== EXERCISE OBJECTIVE ==
After locating the line that contains "boat rentals Florida" in the data below, set down exactly that line and each one after it through the line that contains "Logo David Vorderman", and nothing more.

Data extracted from a collection:
Segment Open

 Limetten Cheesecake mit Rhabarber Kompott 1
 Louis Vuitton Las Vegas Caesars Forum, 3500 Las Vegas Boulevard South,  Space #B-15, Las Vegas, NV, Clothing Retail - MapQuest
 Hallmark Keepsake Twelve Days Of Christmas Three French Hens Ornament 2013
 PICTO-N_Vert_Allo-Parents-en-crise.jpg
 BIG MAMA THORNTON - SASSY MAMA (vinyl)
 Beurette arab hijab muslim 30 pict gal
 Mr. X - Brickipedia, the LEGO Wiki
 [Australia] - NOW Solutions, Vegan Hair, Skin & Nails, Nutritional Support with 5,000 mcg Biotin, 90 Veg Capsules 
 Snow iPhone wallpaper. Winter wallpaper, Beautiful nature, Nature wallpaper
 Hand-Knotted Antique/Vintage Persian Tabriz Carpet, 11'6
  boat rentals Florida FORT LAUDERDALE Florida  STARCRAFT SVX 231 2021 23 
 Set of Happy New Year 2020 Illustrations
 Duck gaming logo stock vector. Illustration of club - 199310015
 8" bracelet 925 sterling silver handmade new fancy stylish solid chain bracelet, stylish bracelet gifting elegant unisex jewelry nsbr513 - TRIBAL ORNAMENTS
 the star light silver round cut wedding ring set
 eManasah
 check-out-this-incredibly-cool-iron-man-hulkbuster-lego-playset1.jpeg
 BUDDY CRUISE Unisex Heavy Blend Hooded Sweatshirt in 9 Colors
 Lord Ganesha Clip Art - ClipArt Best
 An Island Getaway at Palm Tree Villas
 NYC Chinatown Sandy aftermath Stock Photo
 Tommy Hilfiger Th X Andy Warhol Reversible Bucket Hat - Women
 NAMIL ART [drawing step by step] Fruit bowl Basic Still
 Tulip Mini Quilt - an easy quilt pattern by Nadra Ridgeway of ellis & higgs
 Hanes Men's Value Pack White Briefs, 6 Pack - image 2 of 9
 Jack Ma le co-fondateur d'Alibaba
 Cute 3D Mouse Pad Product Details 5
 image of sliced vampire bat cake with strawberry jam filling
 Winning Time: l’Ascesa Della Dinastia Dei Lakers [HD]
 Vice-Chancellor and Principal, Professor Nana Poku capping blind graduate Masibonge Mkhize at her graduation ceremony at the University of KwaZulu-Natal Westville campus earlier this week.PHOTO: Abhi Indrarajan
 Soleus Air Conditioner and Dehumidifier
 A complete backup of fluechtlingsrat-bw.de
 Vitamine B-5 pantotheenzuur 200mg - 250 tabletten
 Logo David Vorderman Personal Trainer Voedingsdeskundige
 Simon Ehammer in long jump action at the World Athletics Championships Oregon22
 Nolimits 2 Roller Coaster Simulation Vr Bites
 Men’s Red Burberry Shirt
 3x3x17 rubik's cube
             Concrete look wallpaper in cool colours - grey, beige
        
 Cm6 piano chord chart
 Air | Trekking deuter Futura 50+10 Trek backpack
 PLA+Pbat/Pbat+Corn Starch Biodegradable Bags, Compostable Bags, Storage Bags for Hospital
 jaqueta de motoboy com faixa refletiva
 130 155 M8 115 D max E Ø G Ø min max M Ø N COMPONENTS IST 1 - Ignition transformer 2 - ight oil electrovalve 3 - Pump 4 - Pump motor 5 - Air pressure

Segment Closed

== EXERCISE RESPONSE ==
  boat rentals Florida FORT LAUDERDALE Florida  STARCRAFT SVX 231 2021 23 
 Set of Happy New Year 2020 Illustrations
 Duck gaming logo stock vector. Illustration of club - 199310015
 8" bracelet 925 sterling silver handmade new fancy stylish solid chain bracelet, stylish bracelet gifting elegant unisex jewelry nsbr513 - TRIBAL ORNAMENTS
 the star light silver round cut wedding ring set
 eManasah
 check-out-this-incredibly-cool-iron-man-hulkbuster-lego-playset1.jpeg
 BUDDY CRUISE Unisex Heavy Blend Hooded Sweatshirt in 9 Colors
 Lord Ganesha Clip Art - ClipArt Best
 An Island Getaway at Palm Tree Villas
 NYC Chinatown Sandy aftermath Stock Photo
 Tommy Hilfiger Th X Andy Warhol Reversible Bucket Hat - Women
 NAMIL ART [drawing step by step] Fruit bowl Basic Still
 Tulip Mini Quilt - an easy quilt pattern by Nadra Ridgeway of ellis & higgs
 Hanes Men's Value Pack White Briefs, 6 Pack - image 2 of 9
 Jack Ma le co-fondateur d'Alibaba
 Cute 3D Mouse Pad Product Details 5
 image of sliced vampire bat cake with strawberry jam filling
 Winning Time: l’Ascesa Della Dinastia Dei Lakers [HD]
 Vice-Chancellor and Principal, Professor Nana Poku capping blind graduate Masibonge Mkhize at her graduation ceremony at the University of KwaZulu-Natal Westville campus earlier this week.PHOTO: Abhi Indrarajan
 Soleus Air Conditioner and Dehumidifier
 A complete backup of fluechtlingsrat-bw.de
 Vitamine B-5 pantotheenzuur 200mg - 250 tabletten
 Logo David Vorderman Personal Trainer Voedingsdeskundige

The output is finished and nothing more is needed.